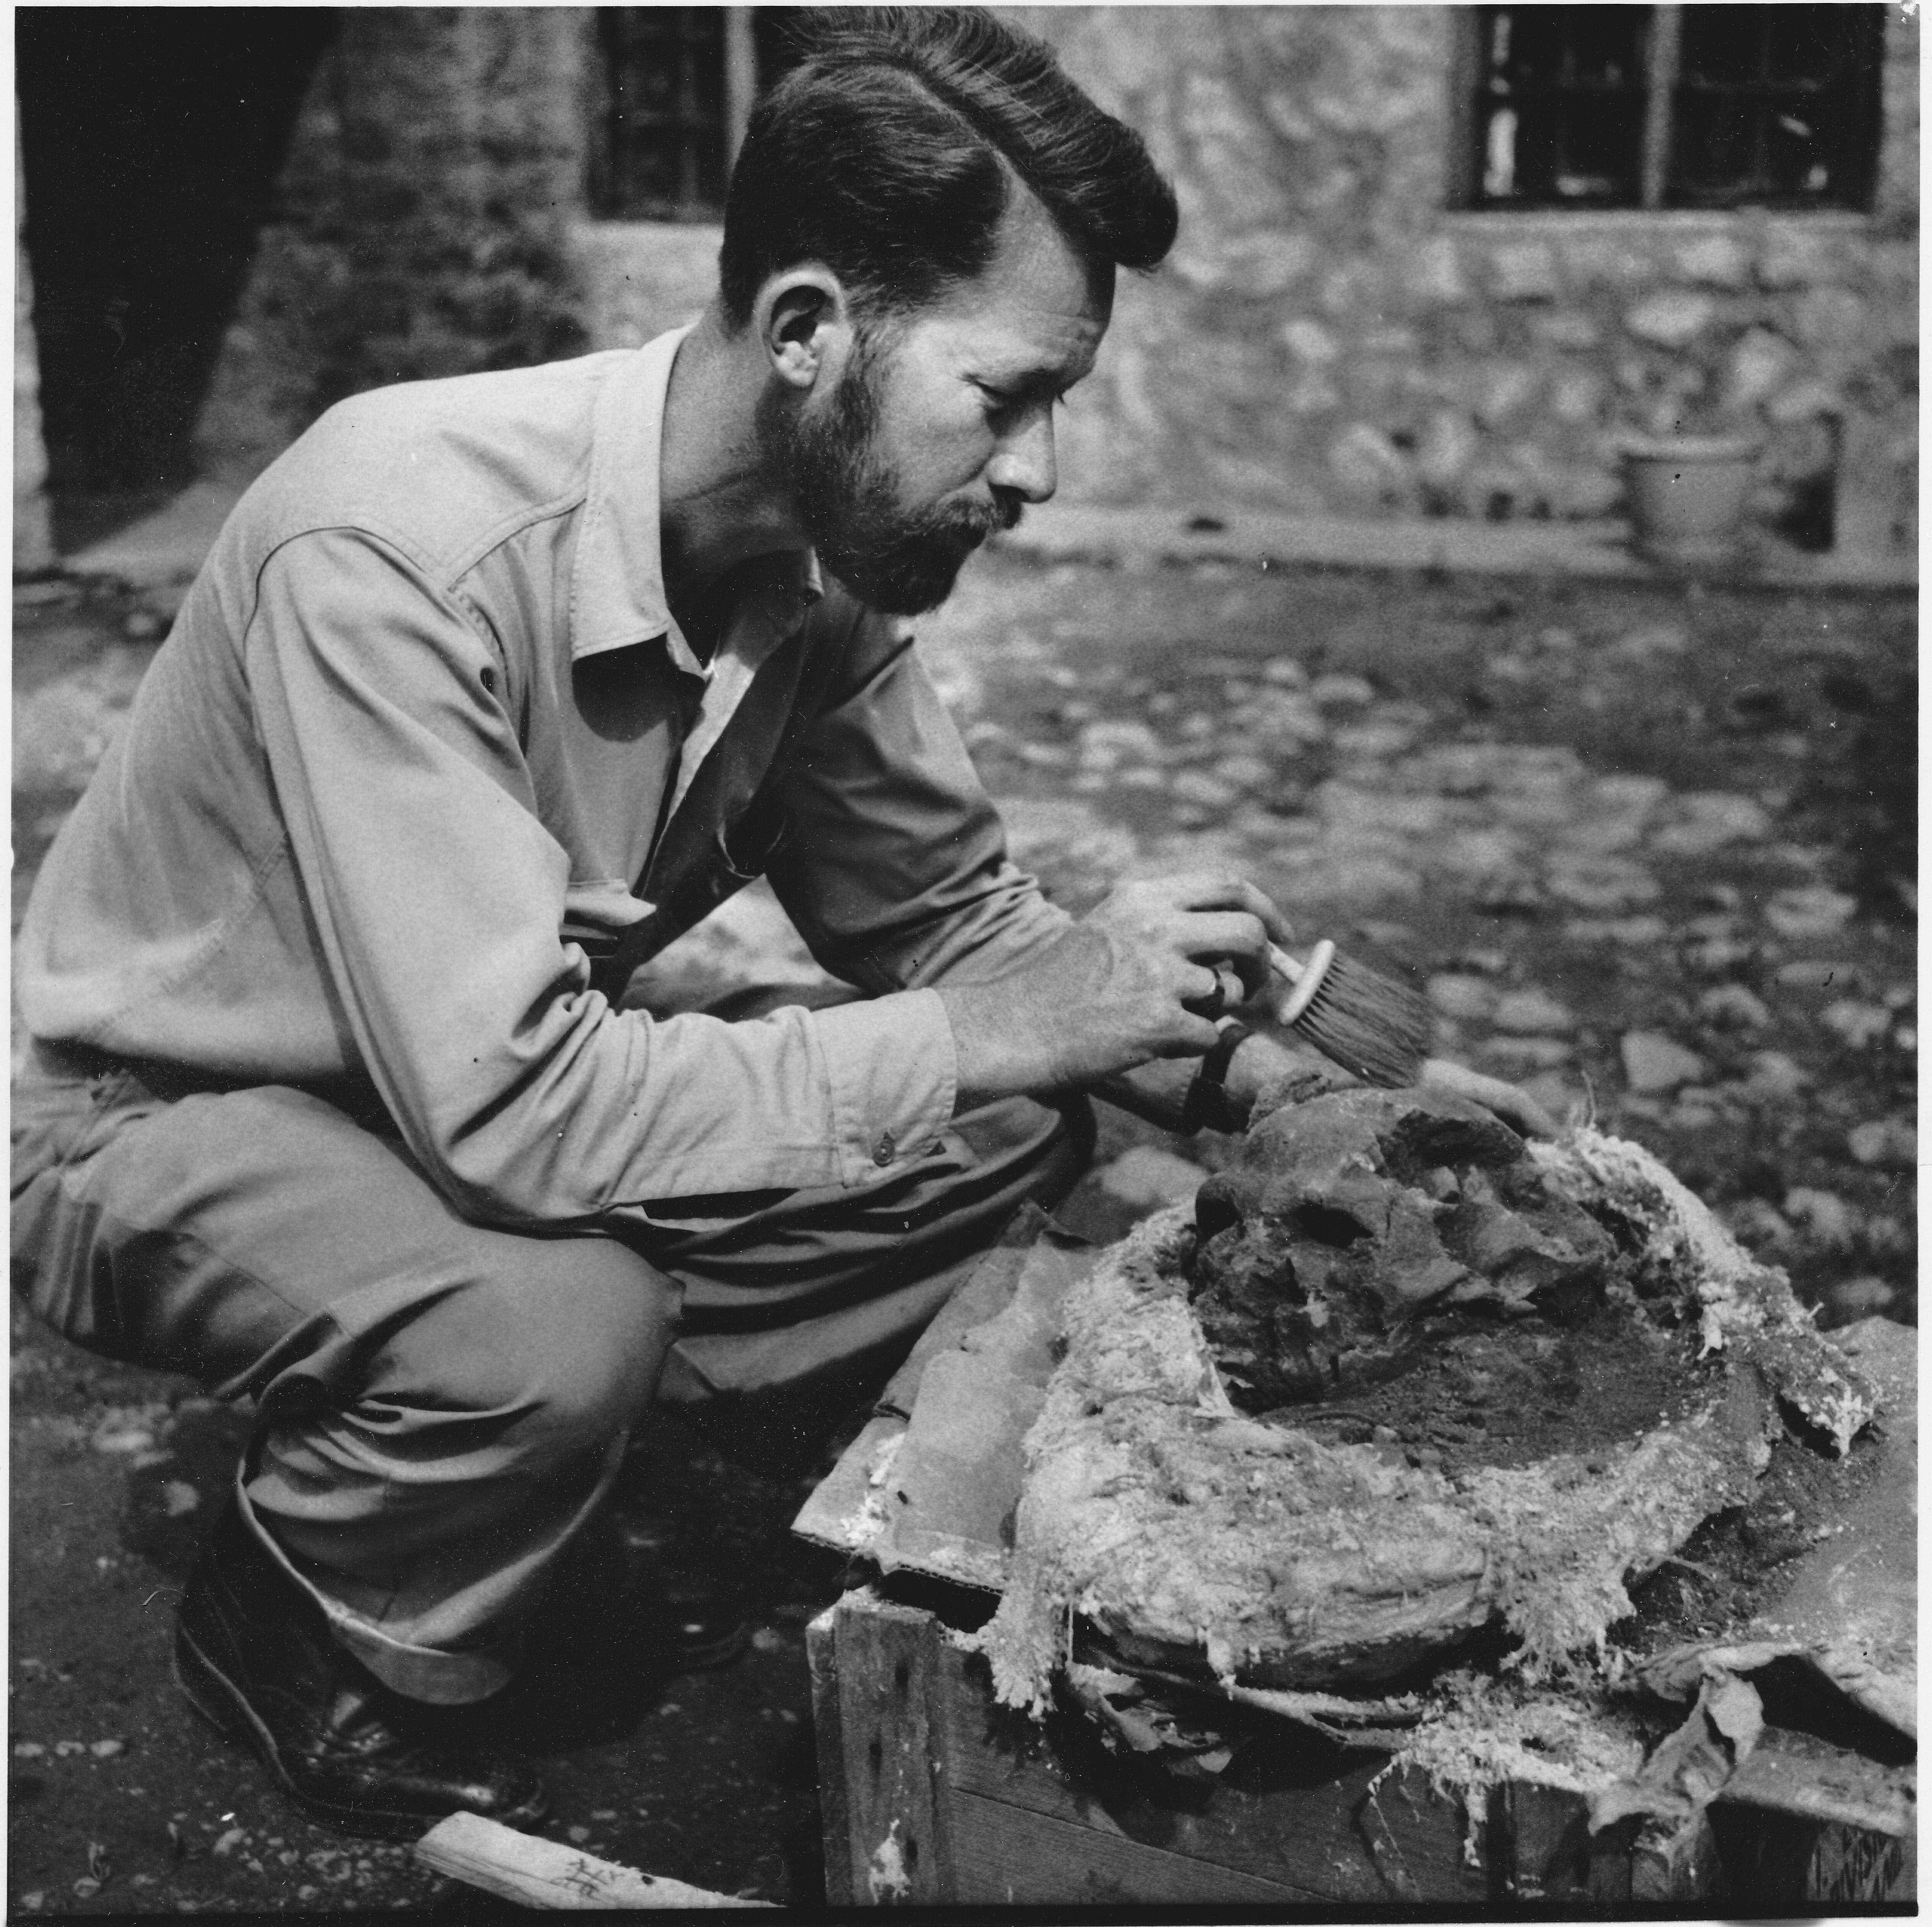 Philip Smith at Shanidar Cave in 1957
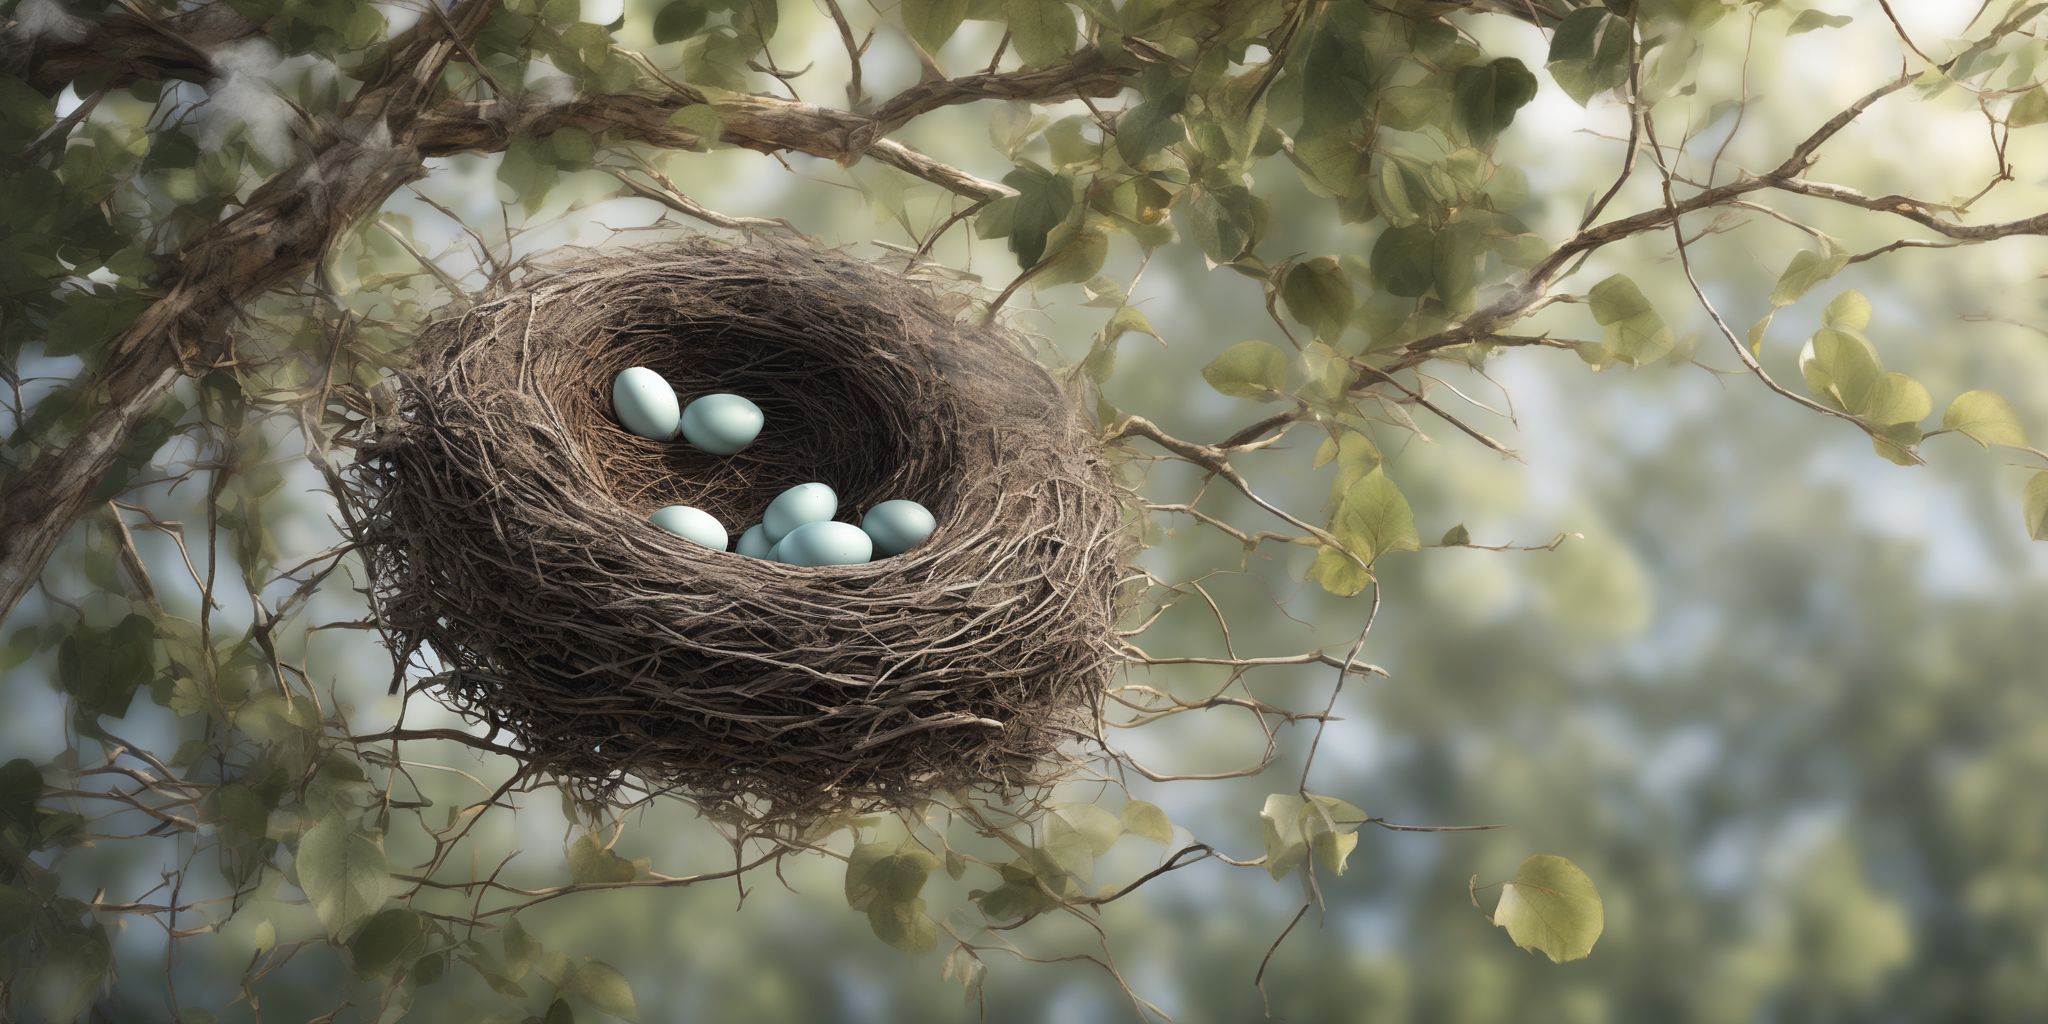 Nest  in realistic, photographic style
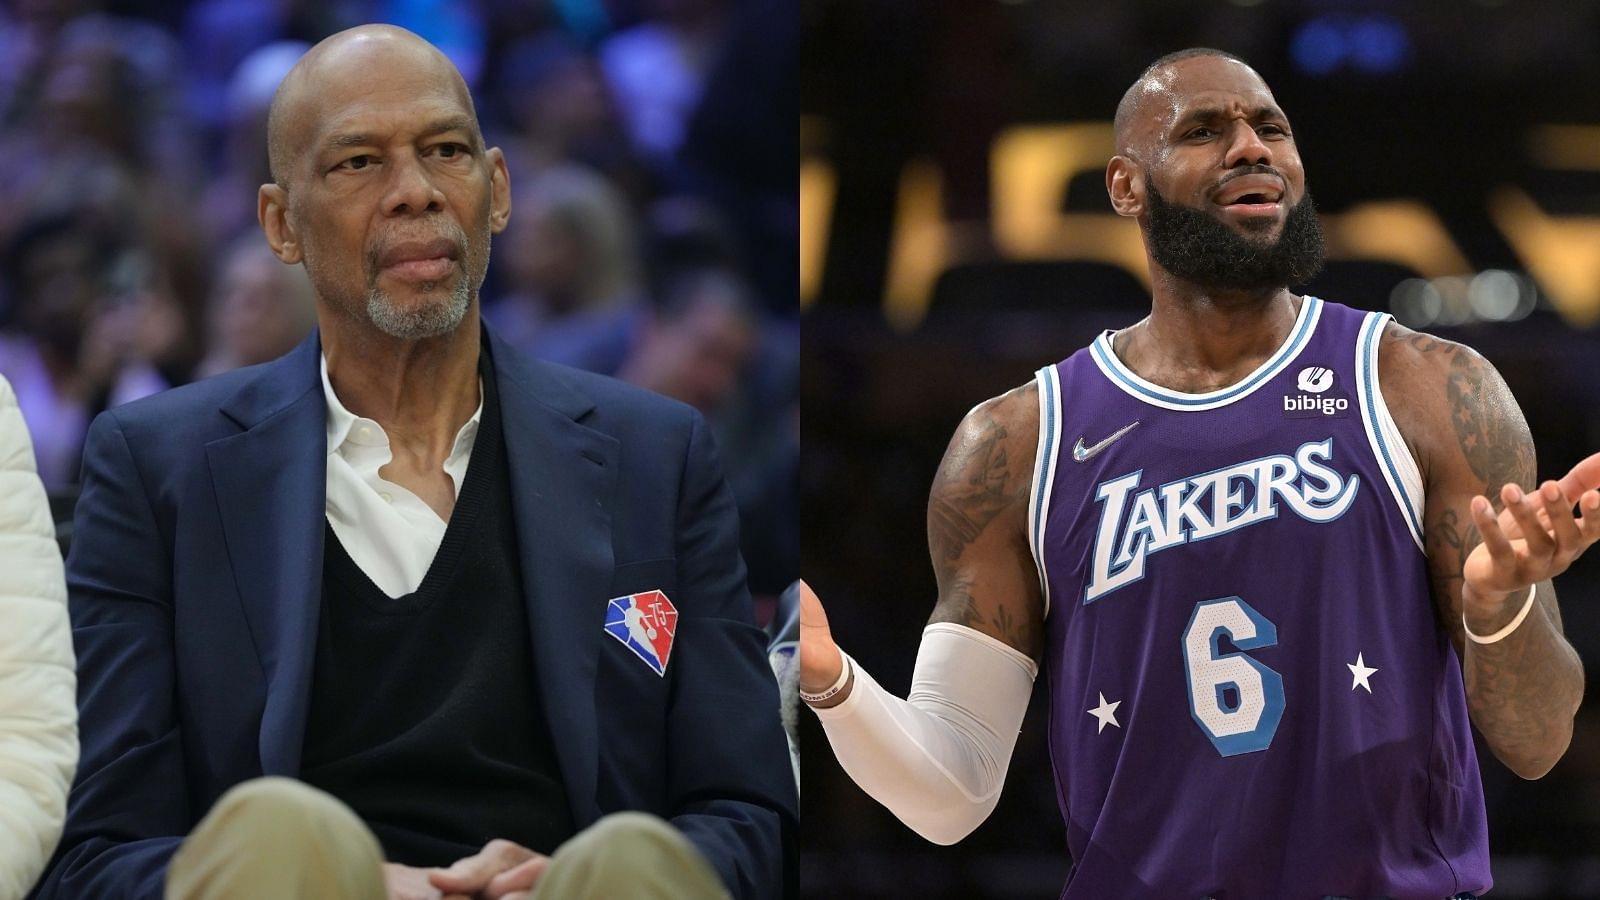 "Some of the things LeBron James has said and done are really beneath him": Kareem Abdul-Jabbar calls out Lakers MVP for 'standing on both sides of the fence'

(What to work on)
Omit every picture while copying the listing above exactly.

(Solution)
 Philip Smith at Shanidar Cave in 1957
 Nest  in realistic, photographic style
 "Some of the things LeBron James has said and done are really beneath him": Kareem Abdul-Jabbar calls out Lakers MVP for 'standing on both sides of the fence'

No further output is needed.